Kontra: Menghapus Sistem Zonasi

  1. Berpotensi Meningkatkan Ketimpangan
    Sistem zonasi dirancang untuk mengurangi ketimpangan akses pendidikan. Jika dihapus, siswa dari keluarga mampu lebih mungkin mengakses sekolah unggulan, sementara siswa kurang mampu berpotensi terpinggirkan.

  2. Menimbulkan Overkapasitas pada Sekolah Favorit
    Tanpa zonasi, sekolah-sekolah unggulan di perkotaan kemungkinan besar akan dibanjiri pendaftar, sehingga menyebabkan ketimpangan distribusi siswa. Sekolah-sekolah di pinggiran atau pedesaan mungkin kesulitan mempertahankan jumlah siswa.

  3. Meningkatkan Biaya Pendidikan
    Banyak orang tua yang harus mengeluarkan biaya lebih besar untuk transportasi atau pindah tempat tinggal demi menyekolahkan anaknya di lokasi tertentu. Hal ini dapat membebani keluarga, terutama dari kalangan menengah ke bawah.

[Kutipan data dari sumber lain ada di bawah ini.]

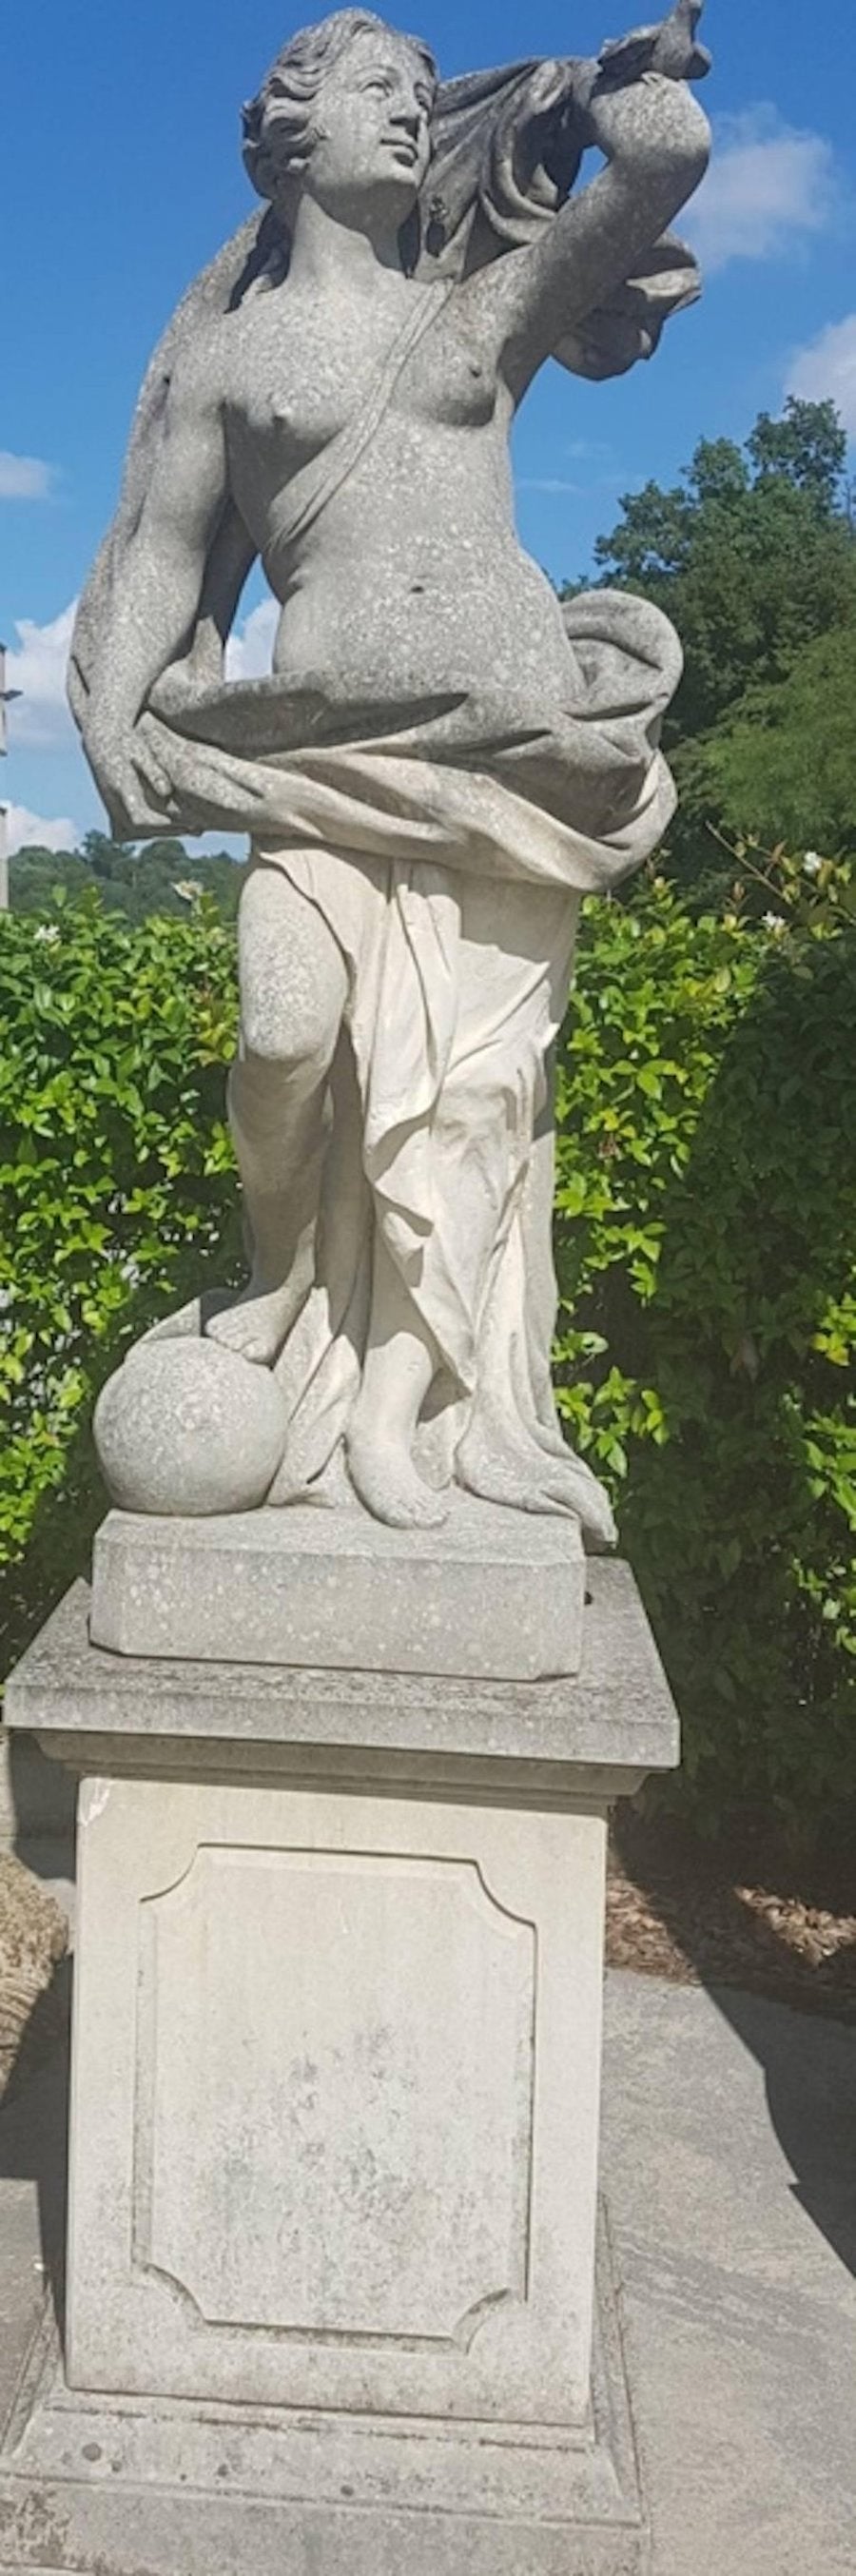 Italian Stone Garden Sculpture of Roman Mythological Subject Aria For Sale

  4. Mengancam Filosofi Pemerataan Pendidikan
    Zonasi merupakan bagian dari upaya pemerintah untuk memberikan pendidikan berkualitas bagi semua anak, tanpa memandang latar belakang ekonomi atau lokasi geografis. Menghapus sistem ini bisa dianggap mundur dari cita-cita pendidikan yang inklusif.


Penghapusan sistem zonasi bukanlah keputusan yang sederhana. Ada manfaat yang dapat dirasakan dalam jangka pendek, seperti kebebasan memilih sekolah dan peningkatan kompetisi antar sekolah. Namun, dampak jangka panjangnya perlu dipertimbangkan dengan matang, terutama terkait pemerataan akses pendidikan yang menjadi tantangan utama di Indonesia.

Pemerintah perlu memastikan bahwa kebijakan yang diambil tidak hanya responsif terhadap kritik, tetapi juga sejalan dengan visi pendidikan nasional. Reformasi pendidikan sebaiknya dilakukan dengan mempertimbangkan masukan dari berbagai pihak, mulai dari orang tua, pendidik, hingga pemerhati pendidikan.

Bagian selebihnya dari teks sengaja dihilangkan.